Betty Boo Boomerang Review: What Goes Around Comes Around

The rapper-singer’s first album in 30 years exists in its own out-of-time universe, where Brit-pop, pop-rap, and disco coexist.

Betty Boo, Boomerang
Photo: Betty Boo

Alison Clarkson, better known to beat heads as Betty Boo, was discovered by Public Enemy after freestyling for the group at a West London McDonald’s in 1987. The Malaysian-Scottish rapper, singer, and songwriter became a household name in the U.K., buoyed by hits like “Hey DJ/I Can’t Dance (To That Music You’re Playing),” a collaboration with Rhythm King stalwarts the Beatmasters. After her more pop-centric second album, the gloriously titled GRRR! It’s Betty Boo, landed with more of a purr than a growl, Clarkson left the industry, but not before turning down an offer to sign with Madonna’s then-fledgling record label.

Clarkson was embraced more by American club DJs than urban radio in the early ’90s, but her brand of dance-oriented pop-rap helped create the template for crossover hits by many of today’s female hip-hop artists. With its disco strings, cowbell, and rapped verses juxtaposed with luscious pop hooks, “Shining Star”—a standout cut from Clarkson’s belated third album, Boomerang—would sound inconspicuous alongside Doja Cat’s “Say So” or “Kiss Me More.”
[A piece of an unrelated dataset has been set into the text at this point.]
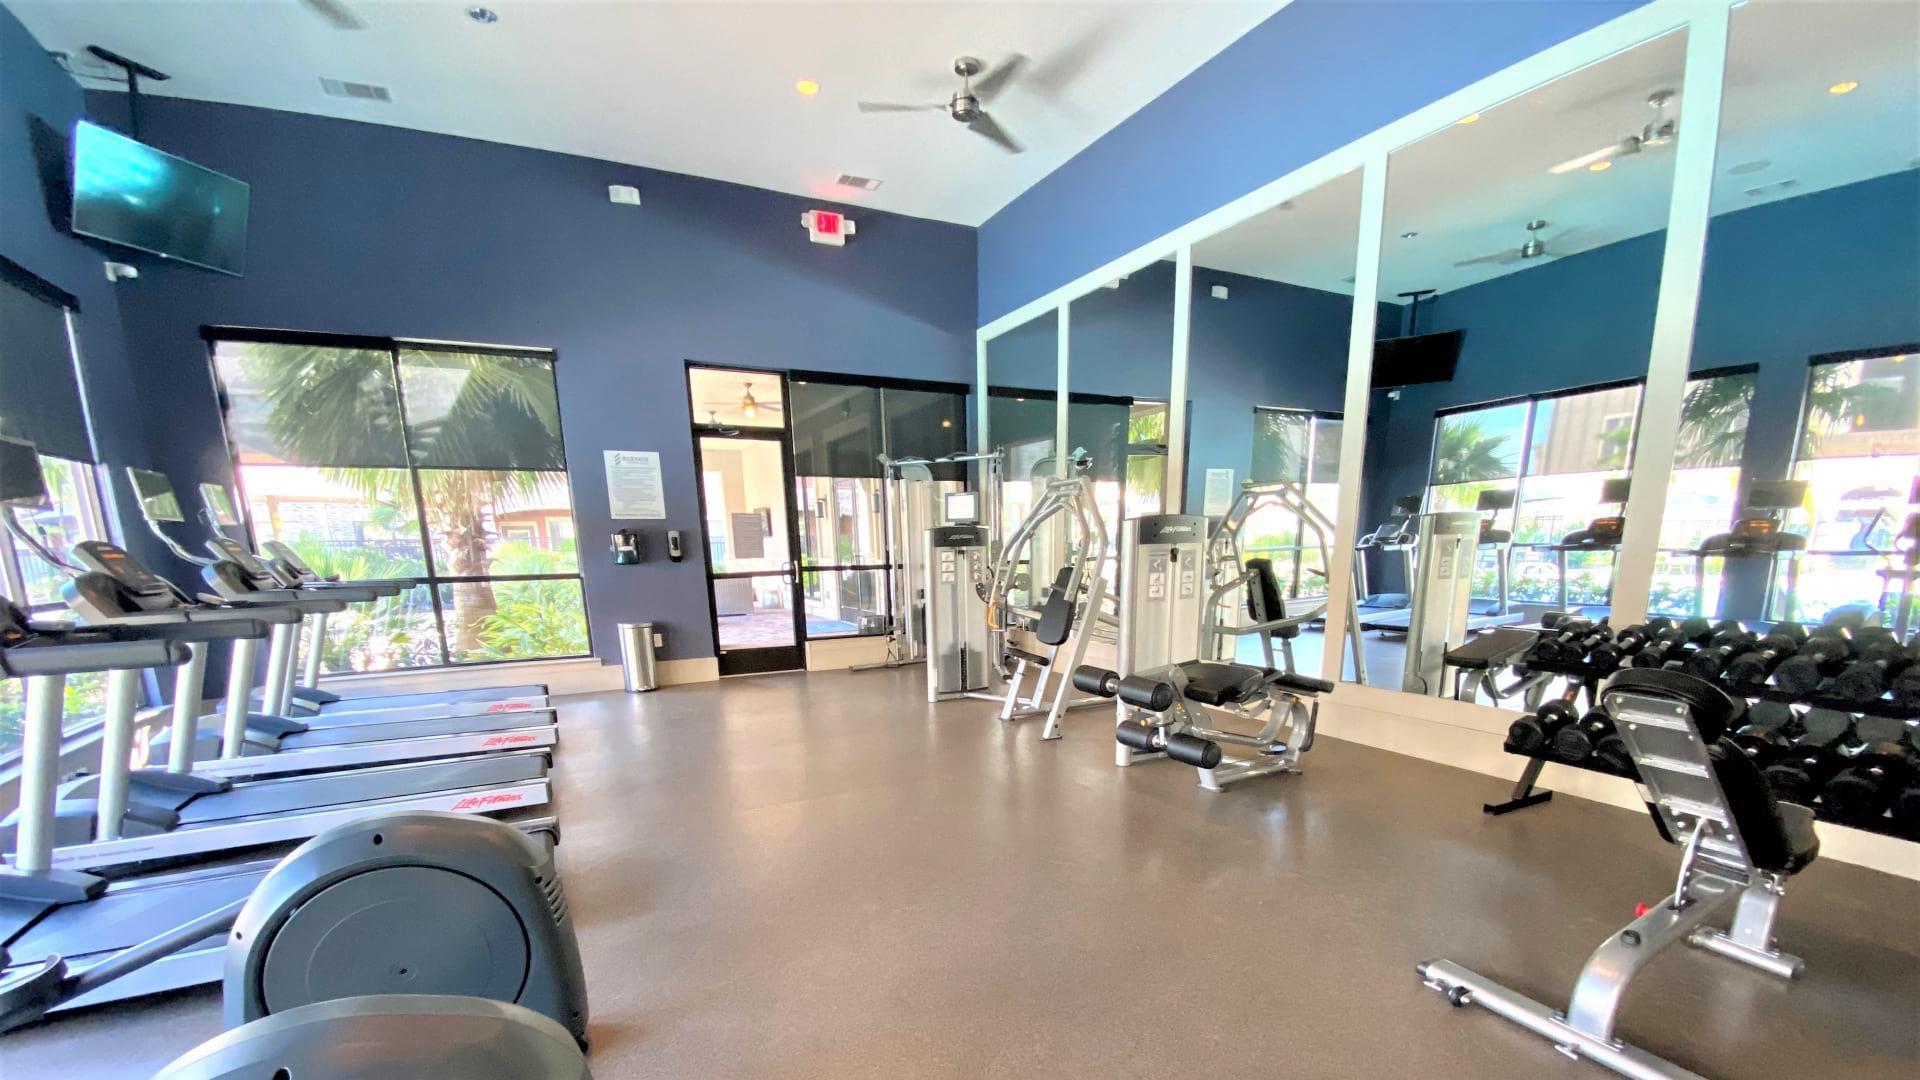 Apartment gym at Cortland Spring Cypress
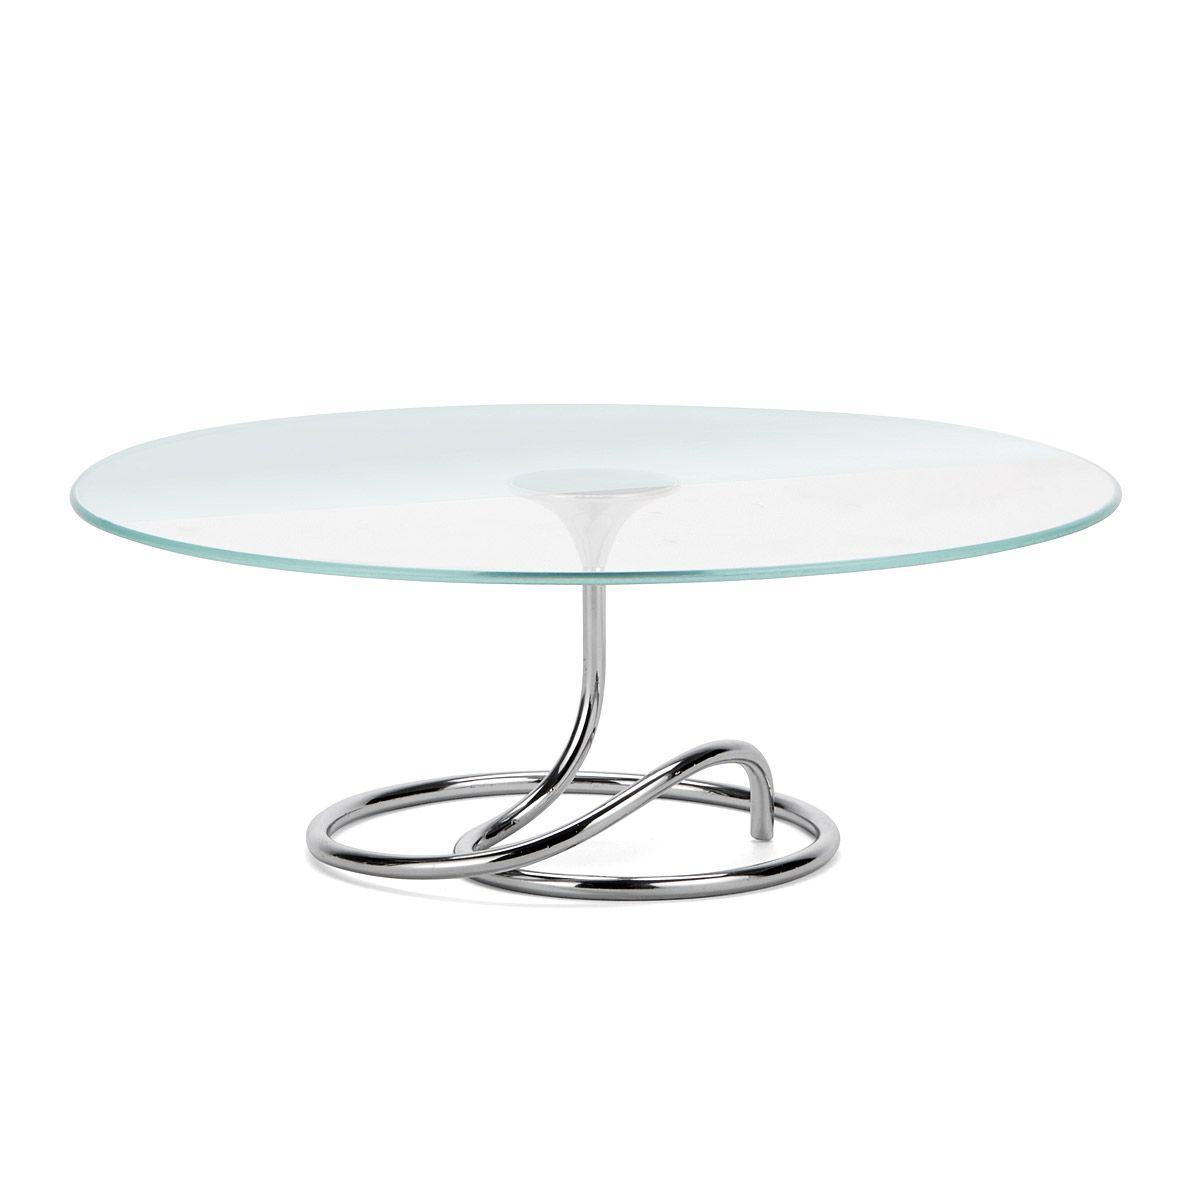 LOOP CAKE STAND | Glass & Metal Dessert Plate | UncommonGoods

But aside from that track, and the Auto-Tuned vocals of the rock-tinged “Nobody Can Bring Me Down” and the sinuous “S.O.S.,” there’s little connection between the album and contemporary hip-hop. Nor is there much in the way of the late-’80s hip-house that initially put Clarkson on the map. Boomerang exists in its own out-of-time universe, where Brit-pop, pop-rap, and disco coexist, and where gangsta rap, alternative hip-hop, and trap music never happened.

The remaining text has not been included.